Chapter 2: The Philosophy — Facts vs. Behaviors
This is the most important chapter in the entire guide.
Through extensive testing with 5Levels development, I discovered a critical distinction that explains why memory edits work for some people and fail for others.
Memory Edits Excel At: FACTS
What Works
- ✓ “User’s name is Francesco”
- ✓ “Lives in Milan, Italy”
- ✓ “5Levels uses two-layer architecture”
- ✓ “Backend runs on Hetzner bare metal servers”
- ✓ “Project deadline: December 2025”
- ✓ “Prefers TypeScript for production code”
Why It Works
Facts are discrete, verifiable, and don’t require interpretation. Claude reads them and applies them directly.
Memory Edits Struggle With: BEHAVIORS
What Doesn’t Work Reliably
- ✗ “Always check architecture docs before answering”
- ✗ “Prioritize philosophical principles over technical details”

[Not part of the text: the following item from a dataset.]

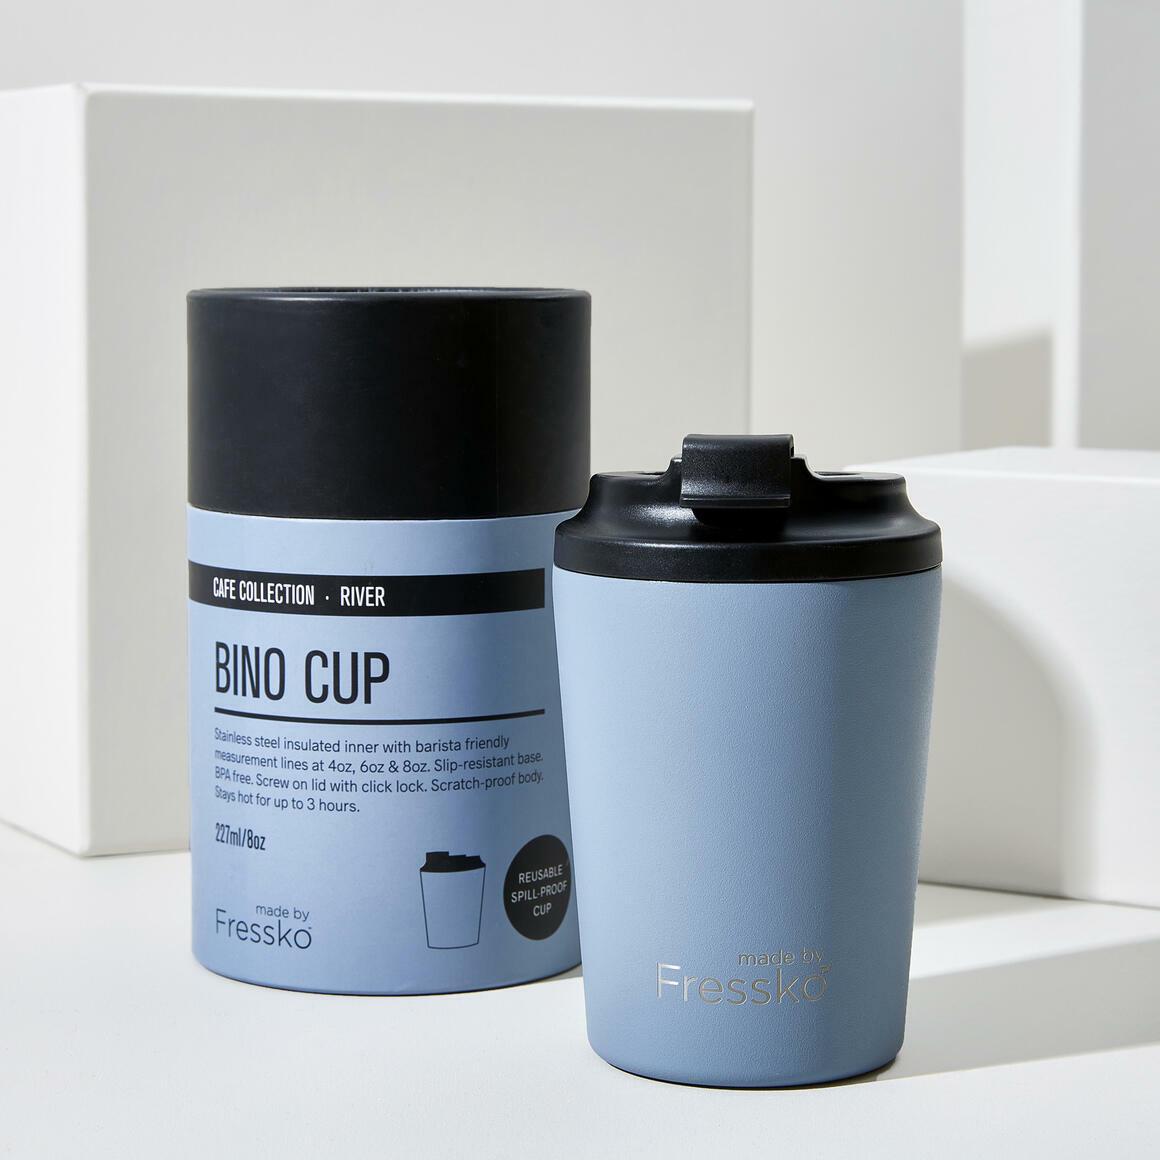 Fressko BINO 8oz Stainless Steel Reusable Cup BLUE | Trada Marketplace

- ✗ “Never assume traditional SaaS architecture”
- ✗ “Ask clarifying questions before making suggestions”
Why It Struggles
Behavioral instructions require Claude to change its thinking process, not just recall information. Even with the instruction present, Claude still needs to:
- Read it
- Understand its relevance
- Prioritize it over other context
- Apply it correctly
The Real-World Test
I added this memory edit:
“CRITICAL: 5Levels uses two-layer architecture — 95% client-side processing”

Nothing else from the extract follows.